Wangzhuang’s collective actions for village development include governing elite-led village collectives and seasonal collective actions in air-conditioning production and rice cultivation. The farmer cooperative in this village operates ineffectively. The collaborative network in this village is clearly centralized, and the decision makers tend to be governing elites.
During the phase of weak sustainability, the collaborative network of rice cultivation was characterized by strong cohesion and low centralization, and no obvious fragmentation could be seen (see Fig. 6). Following the transition to moderate sustainability, the collaborative network of air-conditioning production and rice cultivation remained highly cohesive and decentralized. However, the connection between industrial and agricultural actor groups is weak.
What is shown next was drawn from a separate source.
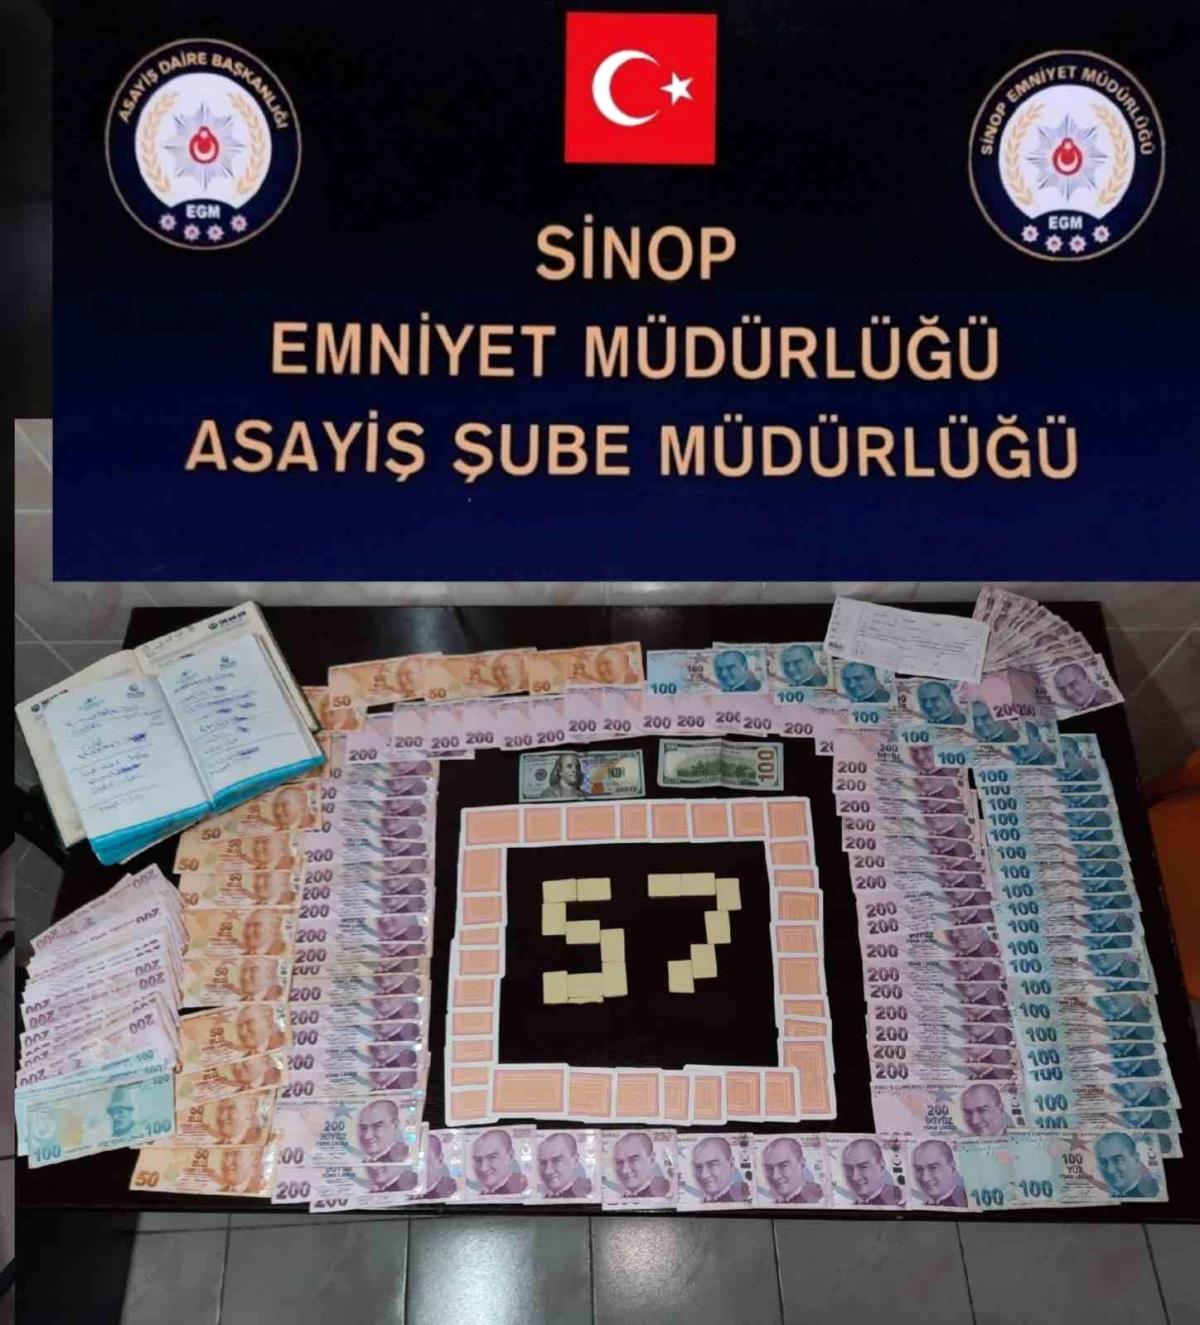 Sinop'ta kumar operasyonu: 8 şahsa 79 bin lira ceza kesildi

Collective action in rice cultivation in Wangzhuang is a seasonal collaboration based on a social network of local actors. These network linkages are relatively weak and lack formal institutional constraints. They have little impact on farmers’ negotiating power, increasing food prices, or adapting to disasters and market risks. Kinship and geographical proximity influence the collaborative network’s strong cohesion and stability. Although Wangzhuang moved from the phase of weak to moderate sustainability, the degree of cohesion of the collaborative network in rice cultivation did not change considerably. Second, economic elites are crucial players in the collaborative network of air-conditioning production. The collaborative network within this industry is primarily composed of economic elites with the goal of lowering raw material purchase prices and expanding sales channels.
Zhangdagou
Zhangdagou village remains in a state of weak sustainability. Villagers’ per capita disposable income in 2018 was only 15,466 CNY. Slow economic growth, low levels of farmer production and consumption, lagging infrastructure and community development, and a failure to improve sanitation are all problems in this village. As a result, we classify Zhangaagou as not achieving the phase of moderate sustainability. An extensive analysis of economic, social, and environmental states in Zhangdagou correspondent to 17 SDGs can be found in Table 2. In Append. 2, we examine Zhangdagou’s system elements in detail.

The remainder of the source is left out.